The Pension Fund will spend at least an additional 20 billion rubles ($715 million) to pay higher social pensions this year, Putin said.

The federal government raised social pensions, paid to the handicapped and other disadvantaged groups, by 10 percent as of April 1, following an 8.8 percent raise in retirement pensions in February, and it could further increase the payments in August should inflation grow more than 6 percent in the year's first half.

Retirement pensions went up a record 45 percent last year.

Another, longer-term target set by the government for pensions is that they should reach 40 percent of a person's wage. According to the Economic Development Ministry, the average wage now amounts to 20,000 rubles, which makes the current average pension of 8,865 rubles even higher than the desired proportion.

To raise more money for pensions and other social payments, the government had to increase its payroll tax to 34 percent from 26 percent starting this year. Officials are now looking for ways to reverse that decision because of fears that many businesses would try to evade the higher levy.

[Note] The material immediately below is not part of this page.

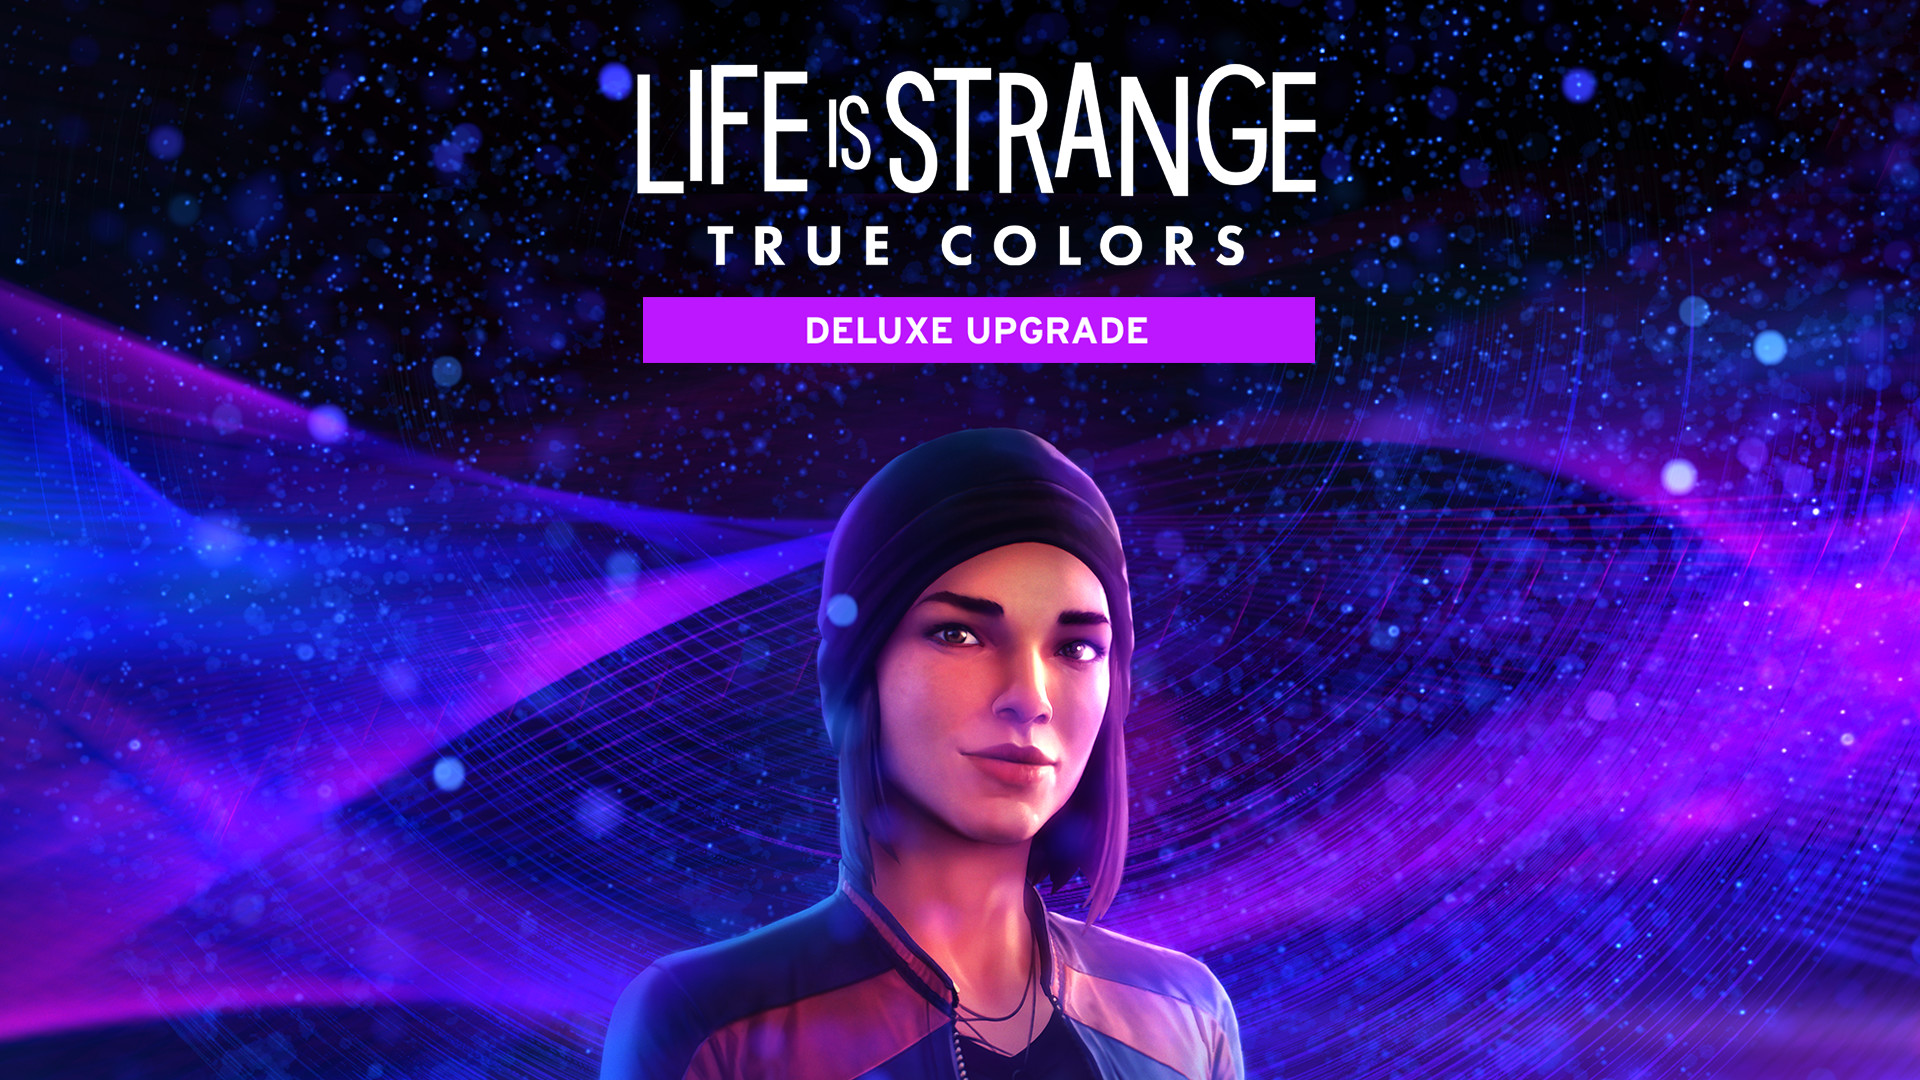 Jogos – Life is Strange: True Colors (Análise)

Still, the government will tap the federal budget to replenish the Pension Fund with 876 billion rubles this year, said Pension Fund chief Anton Drozdov. That would represent almost a fifth of the fund's 5 trillion rubles in planned spending, but will be less than last year's 1.3 trillion ruble federal subsidy.

Health and Social Development Minister Tatyana Golikova, who was also on the line with Putin, said the tentative results of the first quarter showed the authorities collected the higher tax "sufficiently well."

Golikova urged the removal of discounts on the payroll tax for some payers. Only about 50 percent of companies pay the full rate, she said, while certain industries, such as software developers, enjoy lower rates.

"It's not important to the citizen what field his employer operates in," she said. "It's important for him to have his pension rights guaranteed."

Putin didn't respond to the proposal immediately during the call.

Drozdov said the Pension Fund, which as of this year is collecting the pension portion of the payroll tax instead of the Federal Tax Service, works with 4 million companies and 3 million self-employed people.